Advantages of crypto over stocks
Cryptocurrencies can get very hot and skyrocket in the blink of an eye. Because their ratings are generally not constrained by financial results (or lack thereof) or other value-based investor concerns, there are no limits.
Many crypto investors hope to be among the first to invest before the next big project launches. The chances of winning a lottery ticket may be slim, but it can definitely happen. Others prefer cryptocurrencies due to their decentralized nature, advanced privacy features, powerful automation options where the currency offers smart contracts, and other advanced options that no stock or regular currency can offer.
Disadvantages of crypto over stocks
The lack of proper regulation increases downside risk for the crypto market. Until Congress figures out how to handle a trendy digital asset class, many investors will stay away, and with good reason. Institutional investors, in particular, will not be able to capitalize on new markets unless they understand how governments tax profits and how regulators deal with fraud in cryptocurrency trading systems.
Slow transactions can also be a problem for some merchants. A rise in cryptocurrency prices can collapse just as quickly.
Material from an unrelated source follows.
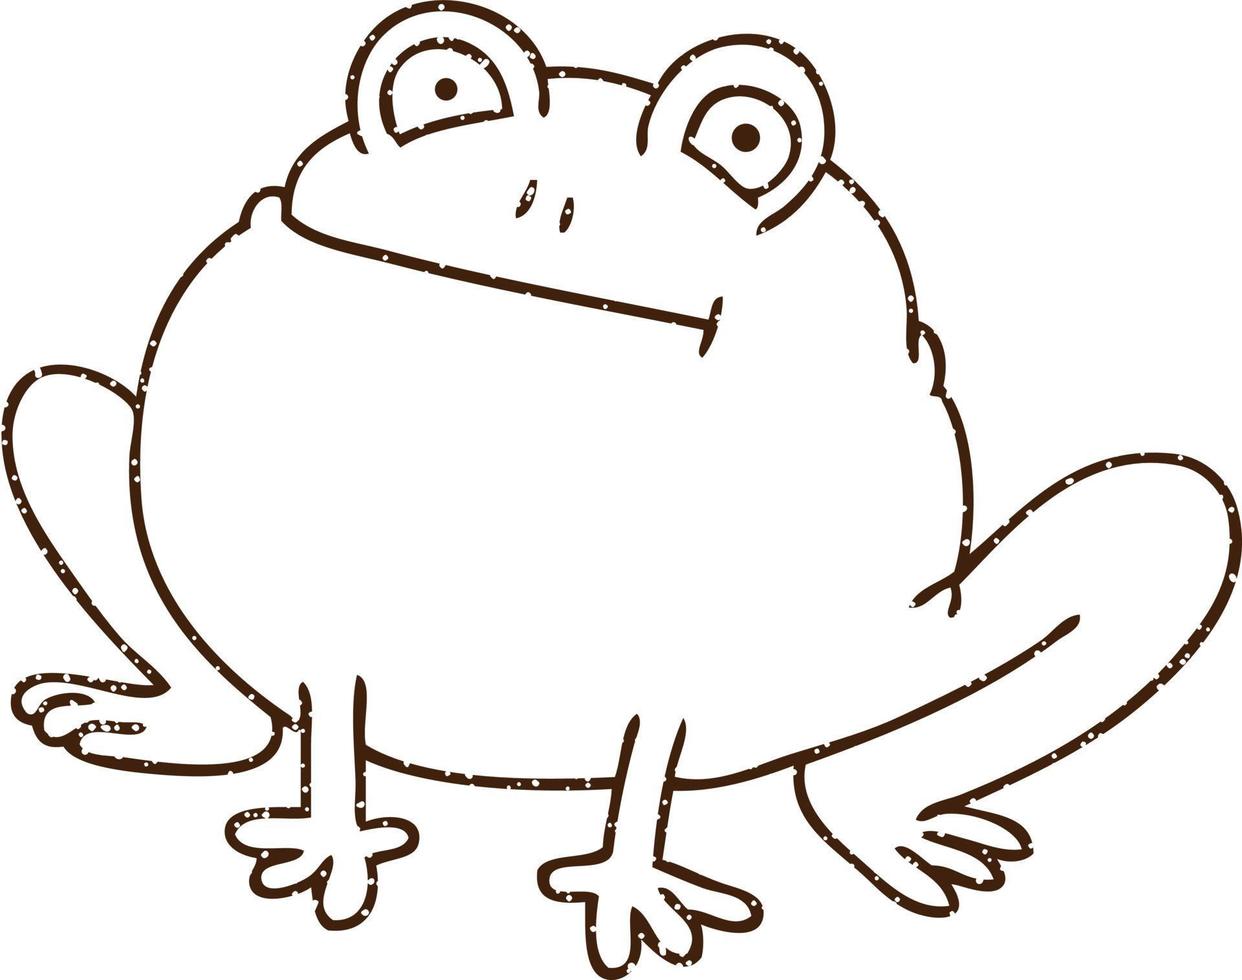 Smug Toad Charcoal Drawing vector

How can you be sure that cryptocurrencies and crypto brokers are protected from hackers? And what if you upload your crypto holdings to a secure local wallet and then forget the password? These incidents have occurred in the past and may occur again.
Crypto vs. Investment Businesses
Simply put, you'll likely lose more sleep worrying about the security of your cryptocurrency than worrying about your stock portfolio.
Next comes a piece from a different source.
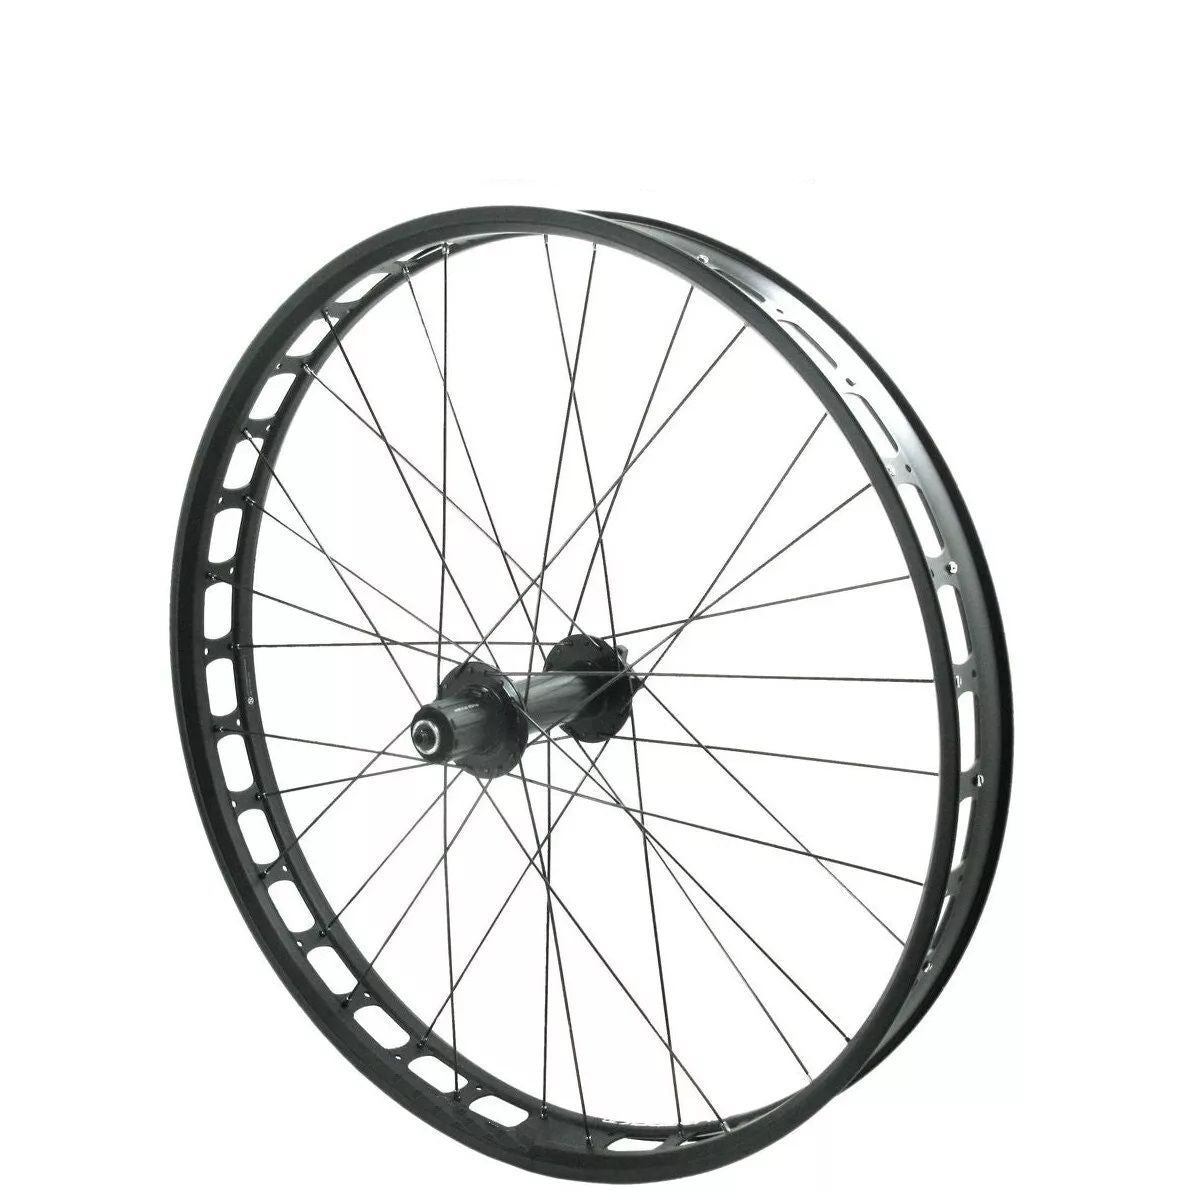 Alex Blizzerk 70 REAR 190mm QR Formula Tubeless Ready Fat Bike Wheel

If you are an experienced investor, you may want to add cryptocurrencies to your portfolio, but you should do so in small steps and make sure you learn everything you can about the cryptocurrency market.
If you have no investment experience, you should not jump in straight away. You will gain a better understanding of the basics of investing in the stock market and long-term thinking.
You can get into crypto opportunities without even opening a crypto brokerage account. Many reputable companies are exploring the cryptocurrency phenomenon from various unique angles, including the added security of a reputable business operation. For most people, investing in these companies is probably the best place to start when thinking about investing in cryptocurrencies.
Related Investment Matters
What does the future of cryptocurrencies and stocks look like?
The characteristics, challenges and opportunities of the cryptocurrency industry will continue to evolve over time. Regulations are being developed, but it is still too early to say what the final regulatory framework and the future of cryptocurrency will be. Meanwhile, the stock market continued to move slowly, recovering from the growing pains of a few decades ago.
So for now, stocks are inherently safer than cryptocurrencies, and the calm waters of the stock market can still create life-changing wealth. Given the speculative nature of this exciting but largely unproven opportunity, you should limit your exposure to cryptocurrencies for now.